Binali Yıldırım - Ahmet Davutoğlu |
Davutoğlu
... Ona o makamı emanet edenler, ülkeyi yönetemediği için değil de onların istediğini tam da istedikleri gibi yapmadığı için bir kenara attılar. Yeni anayasa, dolayısıyla Başkanlık sistemine geçmek için yeterince çalışmadığını, özde iktidar çığırtkanları sözde gazeteciler ve trolleri aracılığıyla topluma bildirdiler. Her şey yolundaymış gibi göstermiş olsalar da bu ayrılığı bir türlü açıklayamadılar. Açıklamak gibi bir dertleri zaten hiç olmadı. "Reis ne derse o doğrudur" diyecek kitleleri varken, diğerlerinin ne dediği ne düşündüğü hiç önemli değil ki...Yerine gelen kişinin açıklamalarına baktığımızda; memleketin başka derdi yokmuş gibi her söze reise methiyeler düzerek başlaması, tek derdin onun başkan olması olduğunu belirtmesi kendilerine göre en doğru kişi olduğunu gösteriyor. Gerçi her kim olursa olsun, hele hele ilk emanetçinin başına gelenlerden sonra yeni emanetçinin farklı olmasını beklemek hayal ötesi olurdu.
Evet, buraya kadar bizlere sunulan görüntü bu... Kendi kitlesine başka bir açıklama yapma şansları yoktu, öyle de oldu. Bunlar yazıldı bunlar konuşuldu.
...
Komşularla sıfır sorun diye yola çıkıp sonuç olarak sıfır komşu haline geldiğimiz AKP döneminin hem Dışişleri Bakanı hem de Başbakanı olan Davutoğlu. Biraz buradan devam etmem gerekiyor.
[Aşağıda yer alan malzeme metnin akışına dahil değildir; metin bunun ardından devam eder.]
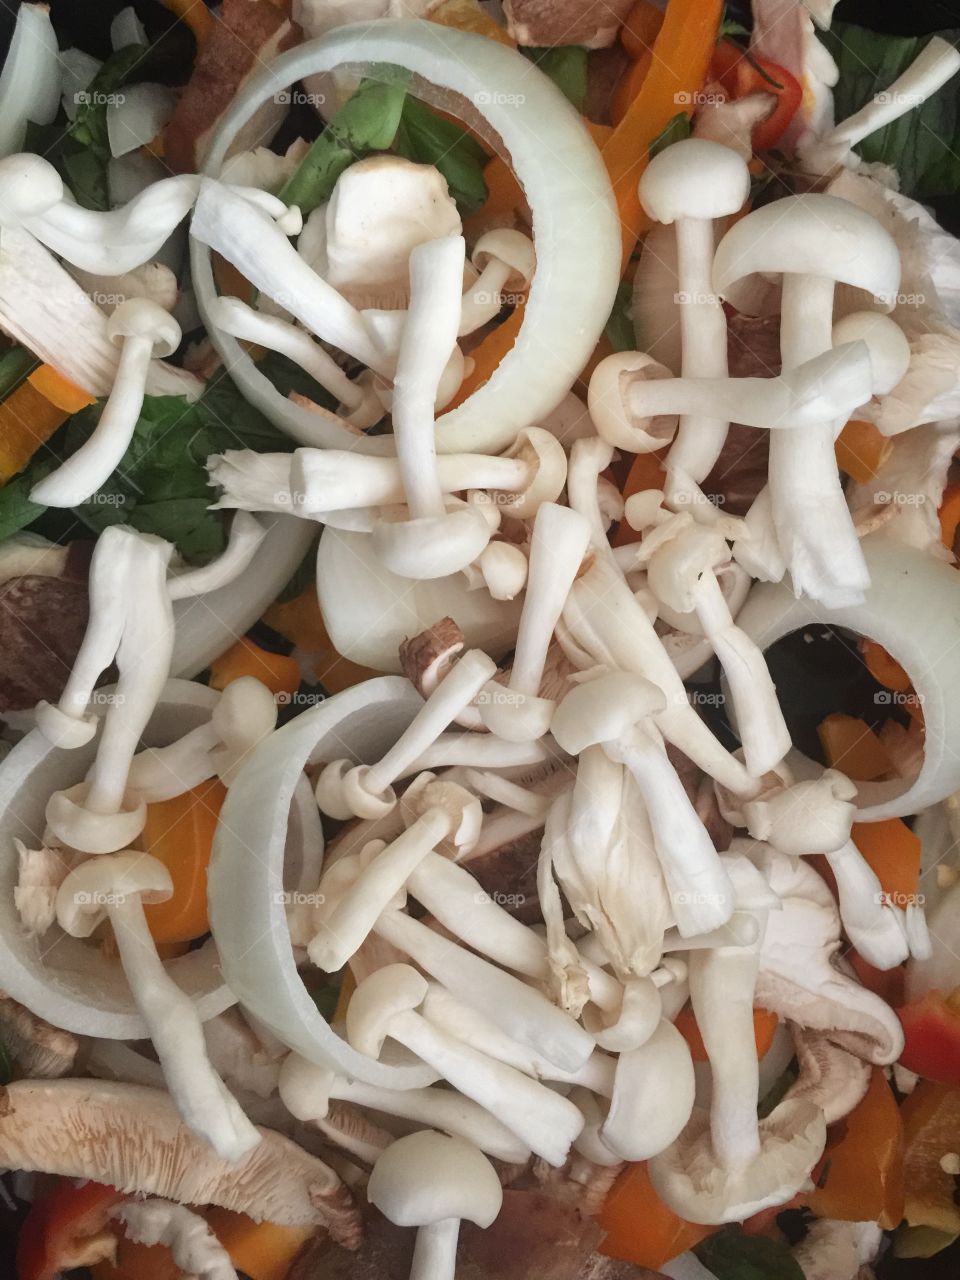 Mushrooms and produce chopped

Malum güney sınırımızda Suriye ve Irak'ın son halinde payımız büyük. Mısır, Filistin, İsrail hakkında ne diyeceğimizi şaşırdık.Yanlış siyasi tercihler sonucunda paramparça olmuş ve yarın ne olacağını kestiremediğimiz Suriye. Başarısızlıkları başarı gibi göstermekten başka hiç bir şey yapmadık.
3 milyon Suriyeli ile başbaşa kalıp, yeni komşularımızın kimler olacağını belirlemede dahi söz hakkımız yok. Müttefiklerimiz terör dediklerimizle işbirliği içine girmiş tek kelime edemiyor, uçak bile kaldıramıyoruz. Bütün Ortadoğu politikası çökmüş, tüm öngörüler hayal kırıklığıyla sonuçlanmış, terör almış başını gidiyor. 7 Haziran'dan sonra 500'den fazla şehit vermişiz. Gazilerin sayısı bile belli değil. Güneydoğu harabeye dönmüş, şehirlerin görüntüsü Suriye'den daha beter hale gelmiş. Şehirlerimizde bombalar patlamış, insanlarımız ölmüş ama kınamadan öteye geçemedik.
Rusya ile ilişkiler tamamen sıfırlanmış, ithalat ihracaat yerle bir olmuş, turizmde dibi görmüş haldeyiz. Ne gelen var ne de giden. ABD hayırsever (!) işadamınızı, aklanan 17 -25 Aralık yolsuzluk ve rüşvet operasyonu belgeleri ile yargılıyor, terör ilan ettiklerimizle müttefik oluyor. Seyretmekten başka bir şey yapamıyoruz. Almanya parlementosu "ermeni soykırımı" diyor gıkımızı bile çıkaramıyoruz. Tam serbest dolaşım alacağız derken Avrupa Birliği artık hayal bile değil.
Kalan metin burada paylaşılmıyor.